1) Retrieve Now Showing List
2) Retrieve Season Pass List
3) Retrieve To Do List
4) Send a Recording Request
5) Send a Season Pass Request

If not an open Web API, what about Tivo working directly with some of the more common social networking and blogging sites, like Facebook and Wordpress?

Are there security/privacy concerns that are keeping this from happening? Could there be a license agreement for those that want this data could accept with the understanding that these specific data items are at a higher security/privacy risk?

Thanks!

Jeff


----------



## jbcooley

box464 said:


> I was curious if anyone was aware of the development of an OFFICIAL Tivo Web API.
> 
> What I was wondering is if anyone was aware of work by Tivo Developers to create a Tivo Web API that allowed for several types of requests:
> 
> 1) Retrieve Now Showing List


This is available with the HMO protocol. But you have to have be on the local network or have some ports forwarded from the outside to access this. It's a HTTP/POX api. If you're looking for a language wrapper, there are several. Just no official tivo wrapper. (There may have been a C++ wrapper at one time, but I can't find it anywhere now)

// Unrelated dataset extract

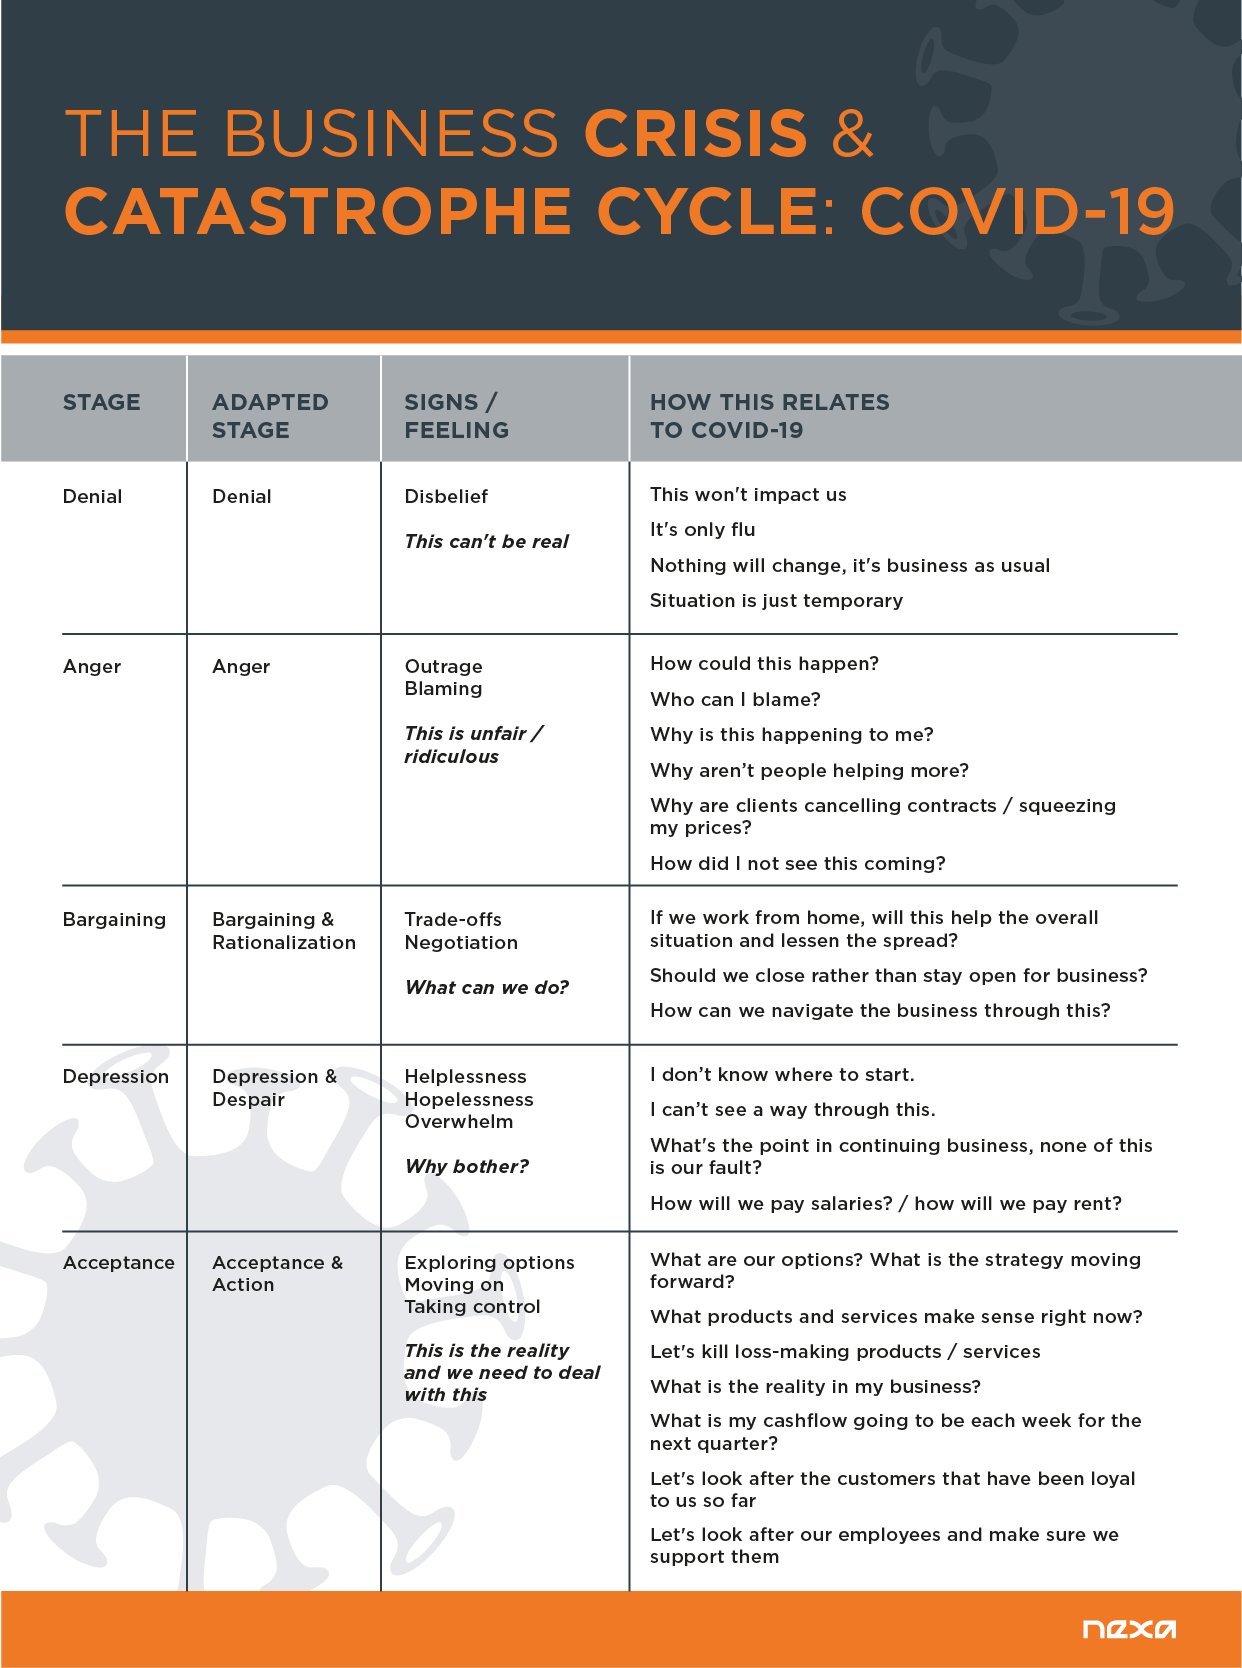 Business Survival - The Business Crisis & Catastrophe Cycle related to COVID-19  Coronavirus - Nexa

> 2) Retrieve Season Pass List
> 3) Retrieve To Do List
> 4) Send a Recording Request
> 5) Send a Season Pass Request


These would be very cool to have, but it's not possible outside of tivo to the best of my knowledge. You can send recording requests on their website, but nothing scripted.

Josh


----------



## wmcbrine

Technically, none of these are documented -- the official HMO spec covers only Music and Photos -- but yeah, the NPL (and TiVoToGo/TiVoToComeBack) functionality is based on HMO (or, as TiVo sometimes refers to it in these documents, Calypso). You should read the HMO spec if you want to understand it.


----------